The important point here is that an hour only has meaning in relation to the apparent movement of the sun, which is due to an actual movement of the earth. Now we're getting somewhere, believe it or not (and pun intended). It's time to consider the movements of the earth.

The most important earth movement, as far as our daily life is concerned, is its rotation, because this is what gives us the apparent movement of the sun across the sky from horizon to horizon. The earth is rotating at approximately 1000 miles an hour. This means that during the period in which the sun seems to move 15 degrees of arc in the sky, the point on which you are standing or sitting (or even lying down) on has moved 1000 miles from where it was.

Next, we have to consider the earth's movement in its orbit around the sun. Looking at the sun relative to its background of stars, it appears to move about 1 degree per day, using a 360 degree circle for the earth's orbit. It actually takes about 365.25 days for the earth to move around this circle. The circumference of this orbit is about 608 million miles (940 km) and the earth has to move at a speed of about 69,000 miles per hour in order to make it on time.

Wait!

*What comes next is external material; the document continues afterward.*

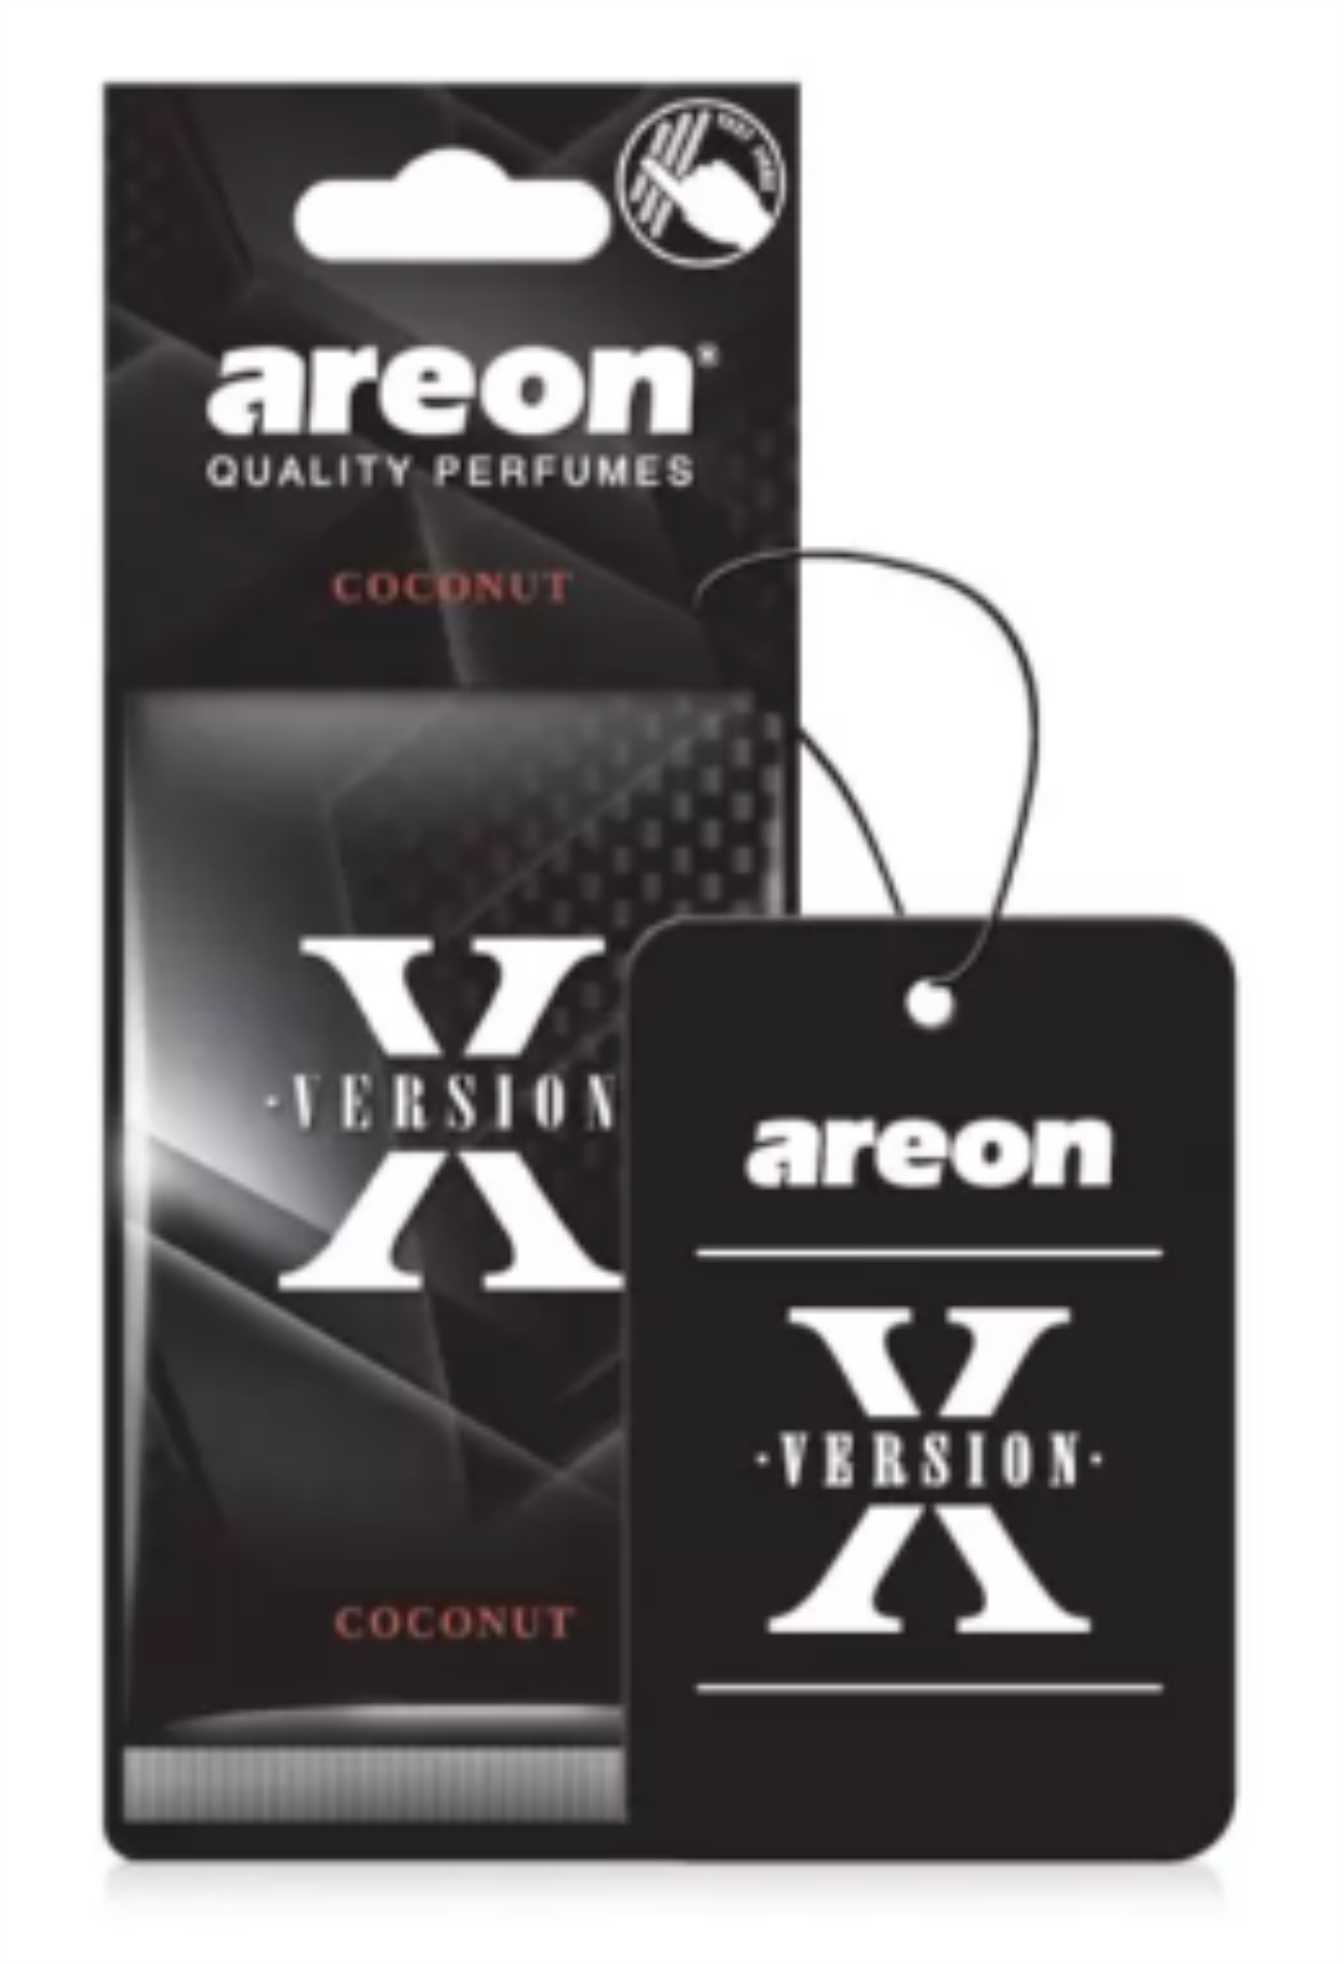 Mon Areon X Version Coconut

It gets even more complicated.

While rotation and orbiting are going on, the sun and all its planets are moving toward the constellation Hercules at 42,000 miles per hour. At the same time the whole system is moving upwards at about 15,000 miles per hour. And also at the same time as a system we are are orbiting the Milky Way galaxy at a speed of about 446,000 miles per hour.

Putting all these movements together, each of us as individuals on this earth are moving at about 575,000 miles per hour within our galaxy. Not only does this make space navigation extremely difficult, it plays havoc with the whole idea of time travel.

Here is the gist of it. We are over half a million miles from where we were an hour ago. The place where we were is empty space (or filled with an asteroid or a nebula or a black hole or dark matter or whatever). To move "back in time" would necessarily mean to go backward in space to where we were previously. If we were to go backward for only one minute it would put us about 9,600 miles from where we are at this moment, and the result would most likely mean instant annihilation.

So "time travel" is not only impractical, the whole idea is merely a trick of language. Among people whose language does not include a past or future tense you will never find stories of time travel.

On the other hand, all of the above is only valid from within the worldview that we call "objective," or "scientific." From a subjective (psychic), symbolic (shamanic), or holistic (mystical) worldview everything might be different.